Let's begin by testing the tokenizers on the first post in the space forum. As our ultimate goal is to detect topics, we can ignore capitalisation (this will reduce the number of features, which makes modelling easier). Let's also clean our text by removing new lines, which are represented by `\n`.

We can compare not only the tokens themselves, but also the total number of tokens produced by each method.

In [None]:
sample_text = space_raw[0].lower()
sample_text = sample_text.replace('\n',' ')
print(sample_text)

In [None]:
tokenized_python = sample_text.split(' ')
print(type(tokenized_python))
print(tokenized_python)
print('Number of tokens (Python):', len(tokenized_python))

In [None]:
tokenized_scikit = CountVectorizer().build_tokenizer()(sample_text)
print(type(tokenized_scikit))
print(tokenized_scikit)
print('Number of tokens (Scikit):', len(tokenized_scikit))

In [None]:
tokenized_nltk = nltk.word_tokenize(sample_text)
print(type(tokenized_nltk))
print(tokenized_nltk)
print('Number of tokens (NLTK):', len(tokenized_nltk))

As scikit-learn's `CountVectorizer` produces the 'cleanest' results for our purposes, we will use it going forward. We can modify its parameters to remove numbers, words of less than three characters, and the most common words in the English language (stopwords). These tokens are not helpful for identifying the theme of a text.

We remove numbers and words of less than three characters using a *regular expression* in the `token_pattern` argument of `CountVectorizer`. `r` indicates raw string, `\b` indicates the word boundary, `[A-Za-z]` indicates that only tokens containing alphabetic letters (either uppercase or lowercase) will be considered, and `{3,}` indicates that the token must be at least three characters. More about regular expressions: https://docs.python.org/3/library/re.html

Scikit-learn stopwords: https://github.com/scikit-learn/scikit-learn/blob/master/sklearn/feature_extraction/stop_words.py 

In [None]:
tokenized_scikit2 = CountVectorizer(token_pattern=r'\b[A-Za-z]{3,}\b', stop_words='english').build_tokenizer()(sample_text)
print(type(tokenized_scikit2))
print(tokenized_scikit2)
print('Number of tokens (Scikit modified):', len(tokenized_scikit2))

### Tokenize all forum posts

Now that we have seen how different tokenizers work and selected the one best-suited to our objectives, we can scale up tokenization to the entire corpora of forum text: each corpus contains the posts in one category of interest.

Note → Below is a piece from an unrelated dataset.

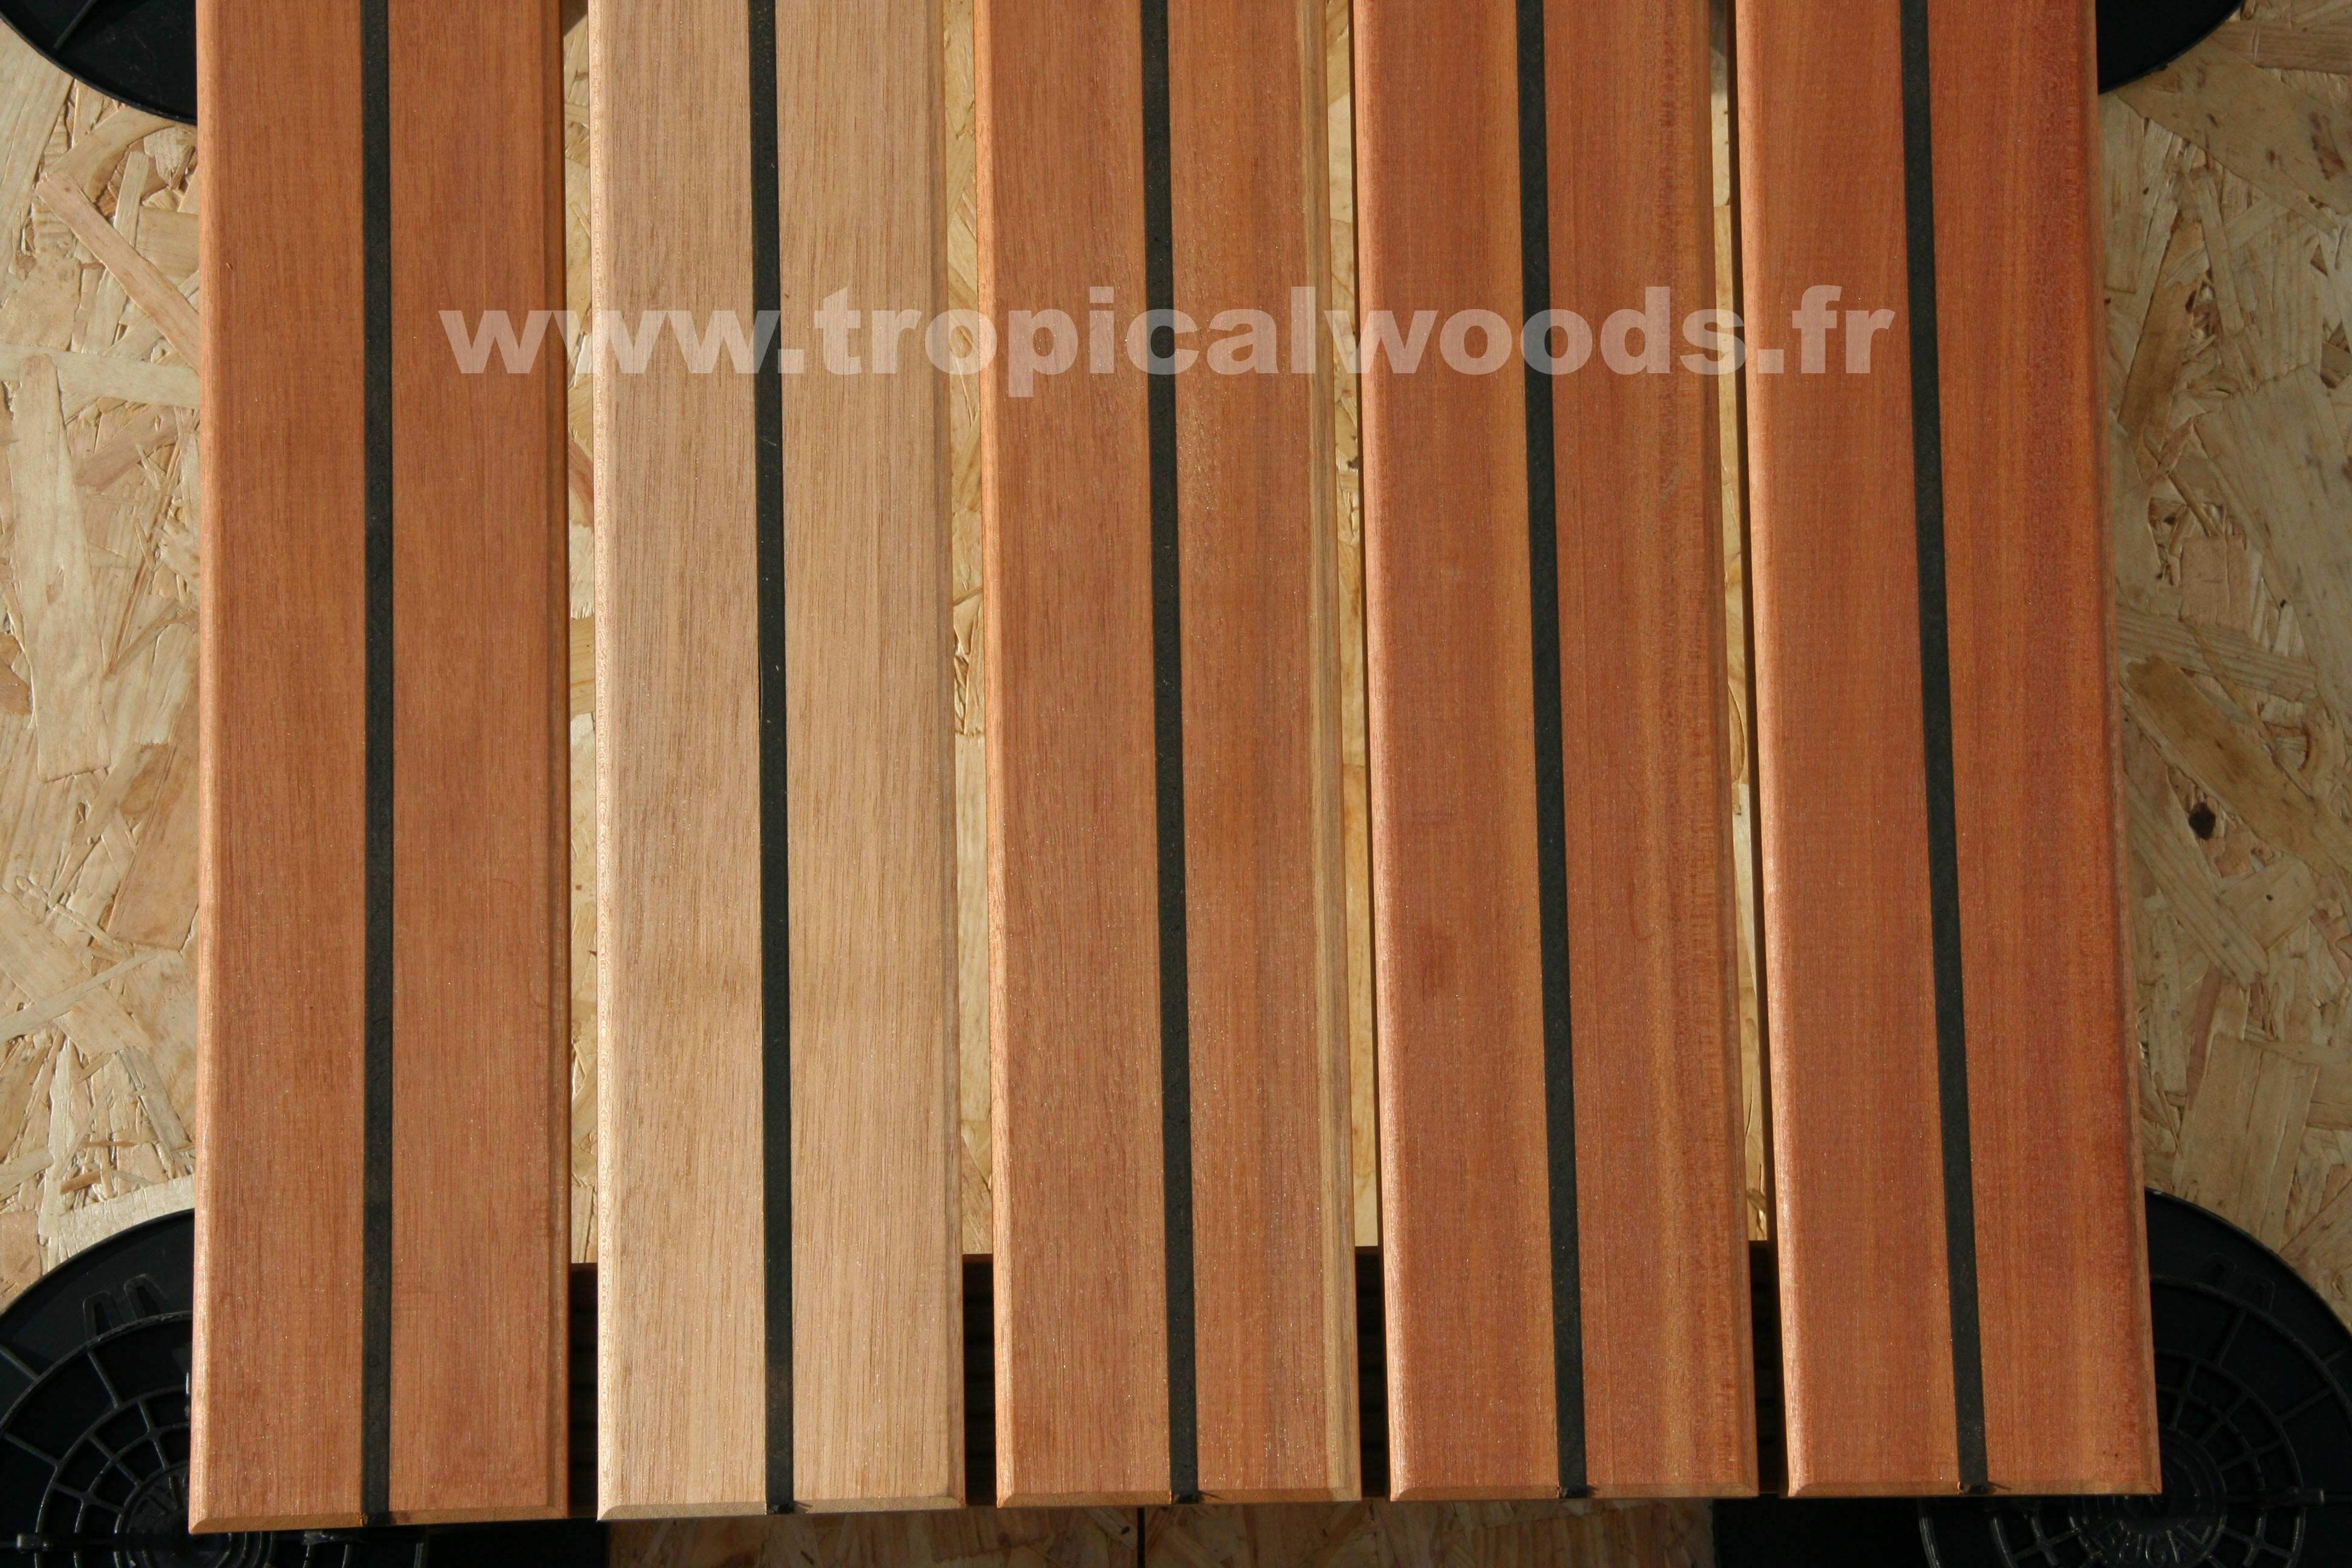 terrasse lames parquet massif red cedar pont de bateau 22 x 120 mm premier choix. Black Bedroom Furniture Sets. Home Design Ideas

This will allow us to compare their vocabularies in various ways.

At the moment, our corpora are represented as lists of strings (each string is a document, or forum post). To facilitate tokenization, let's merge all of the documents in each corpus into one big string using the `.join()` method. We will pass this into the tokenizer.

In [None]:
cars_corpus = ' '.join(cars_raw)
cars_corpus = cars_corpus.lower()
cars_corpus = cars_corpus.replace('\n',' ')

space_corpus = ' '.join(space_raw)
space_corpus = space_corpus.lower()
space_corpus = space_corpus.replace('\n',' ')

guns_corpus = ' '.join(guns_raw)
guns_corpus = guns_corpus.lower()
guns_corpus = guns_corpus.replace('\n',' ')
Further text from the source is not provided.